The Greater Toronto Area (GTA) has a transportation dilemma. The GTA is the beating heart of Canada’s economy, but while its population and economy are growing at break-neck speed, its transportation facilities are becoming a bottleneck, which can be a safety hazard.  Canada relies on aviation to connect the economy to the world and to unite the second largest nation in the world. The next big leap forward in aviation safety in the Toronto region will happen on the ground in North Pickering on land carefully assembled and protected, waiting for its new airport.

New aircraft technology has made aviation safer, more cost effective and more capable every year. However, Toronto’s airports are lagging behind international safety standards, and they lack the capacity to expand to meet these standards.   How do we meet this challenge? Building a new airport in Pickering will provide the space needed to provide the next level of aviation safety. It will enhance the heart of the Canadian economy by supporting the Toronto region’s rapid growth. Aviation safety will be improved for pilots, travelers and local residences who live around our existing airports. New airport design standards and technology which can’t be incorporated into existing airports due to space and other limitations, will be integral to the new airport build.
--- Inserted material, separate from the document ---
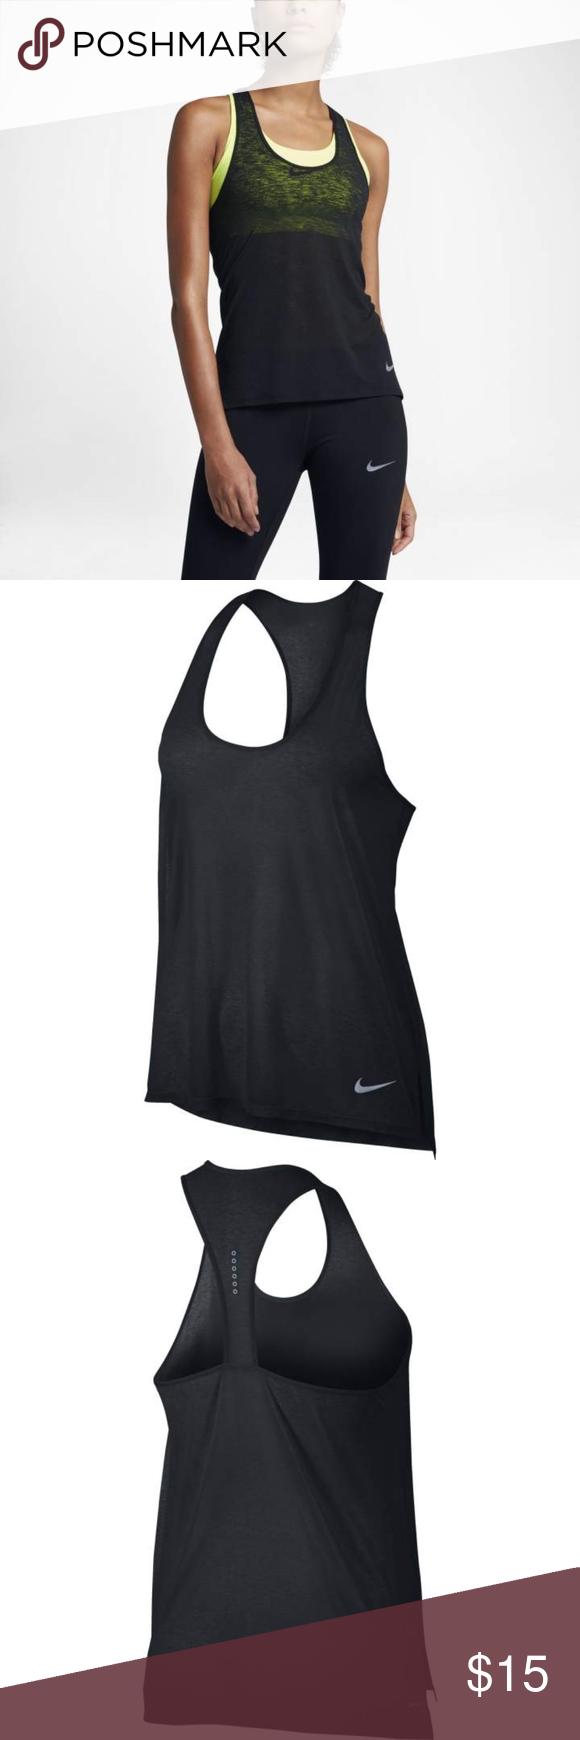 7338adbcab72c Nike Women s Breathe Cool Running Tank in Black ULTIMATE LIGHTWEIGHT  FREEDOM. The Women s Nike Breathe

Pickering Airports intended location was carefully selected and planned to permit a facility that would be both safe and neighbor friendly.

Below is a video of the approach to runway 26 at Waterloo airport, a 2 hour drive away from Pickering.  It shows the lighting in front ( extending out to 2400 ft) and around the area needed for the safest possible instrument based approach to land.  Unfortunately, the existing airports in the eastern GTA ( Oshawa for instance ) do not have the space needed for the runway length and lighting required for this type of approach.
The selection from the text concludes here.